The script, by Brian C. Brown and Elliott DiGuiseppi, fudges facts, sometimes with good reason. It makes sense, for example, that the Shipman character would, in this loose dramatization, be reimagined as a professional rival as well as a romantic one—a young NASA hire (Zazie Beetz) nipping at Lucy’s heels and threatening her return trip to the cosmos.
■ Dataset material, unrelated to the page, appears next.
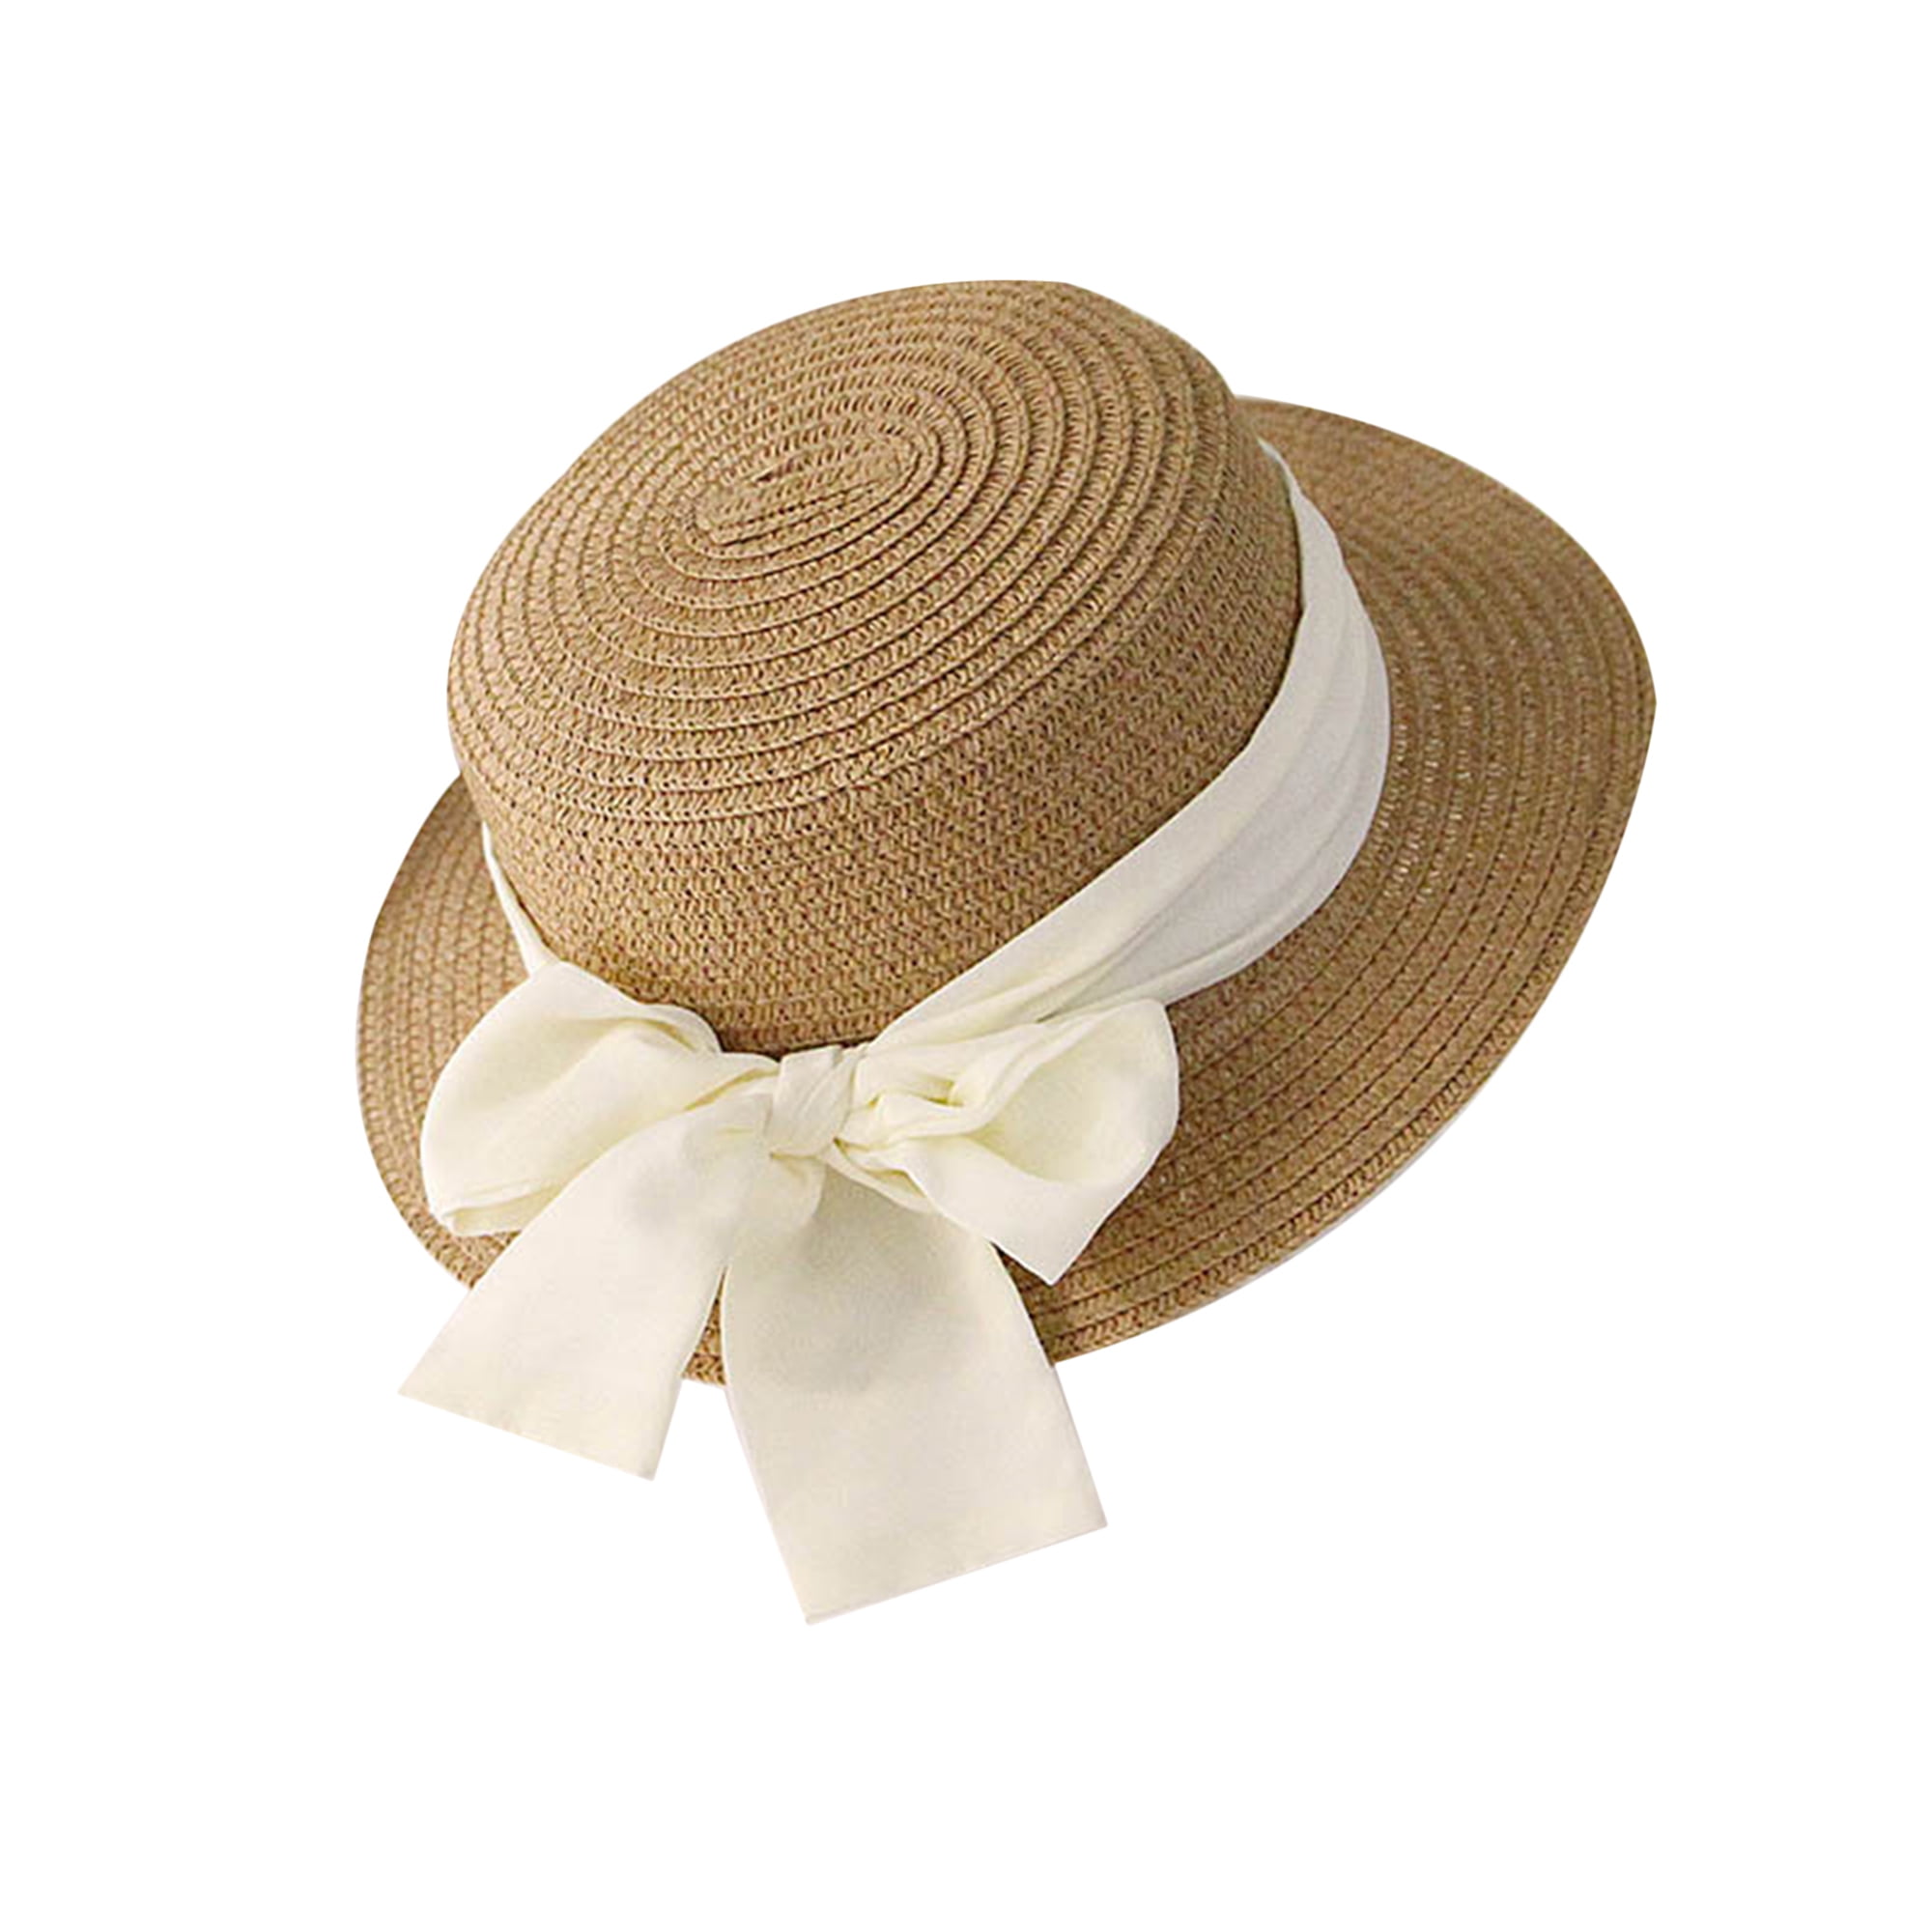 Kids Toddler Little Girl Straw Hat Summer Sun Hats with Big Bow Beach UV  Protection Hats Wide Brim Floppy Hats

Yet for as much as Lucy In The Sky tries to envision a credible personal life for its heroine, à la last year’s portrait of a troubled astronaut, much of the plot is mere setup—the domestic drama as glorified prelude. Hawley, the FX-network hotshot who created Legion and also the anthologized TV version of Fargo, seems to recognize that the home-front encounters might be as dull to us as they are to Lucy, and overcompensates by packing his debut feature with a lot of signature garish style: exaggerated camera angles; an aspect ratio that expands and contracts to express the difference between space’s boundless marvels and Earth’s dull routines; and a dazed float through a hospital set to an ethereal cover of the relevant Beatles song. (One is reminded that what passes for visionary direction on the small screen might not look quite as revelatory on the big one.)
Portman, rocking an accent as thick as Texas toast, takes Lucy’s dissatisfaction seriously. Her performance is persuasive and believable until it isn’t—which is to say, until the film needs her to go over the edge but not so far over that it might endanger our investment in Lucy’s plight. The goal, theoretically admirable, is to shine a sympathetic new light on a public figure who the culture treated like a punch line. It’s why the diaper stuff had to go: Seeing her slip one of those on might risk more live-studio-audience laughter, when Lucy In The Sky wants us to see her not as a joke but as a victim of impossible pressure, stifling domesticity, and institutional sexism. But to sanitize Nowak’s story is to bend it into a manufactured emotional arc—to try to fit the honestly deranged reality of her actions into a commiserative distortion of them. It’s like if I, Tonya had lost that whole unpleasant kneecapping business out of fear that the audience might find Tonya Harding less likable afterwards.
Not that the lack of diapers is really what does Lucy In The Sky in, though you do have to question the judgment of anyone who’d jettison a detail so singular and weird, however true or untrue it was. No, the bigger issue is that Hawley and company spend almost two hours laying banal dramatic groundwork, and then when they finally get to the climax—rewritten to involve a more “empowering” comeuppance for Hamm’s fickle lothario, as well as the somewhat unnecessary company of Lucy’s impressionable niece (Pearl Amanda Dickson)—it’s as anticlimactic as it is factually inaccurate. The irony of the elisions is that the only reason anyone would stick out such a boring character study is that there’s some wild shit waiting at the end of it. Lucy In The Sky ends up playing like some unauthorized Jackie Jormp-Jomp version of the Lisa Nowak story, as though they couldn’t get the rights to the names, or to the shit.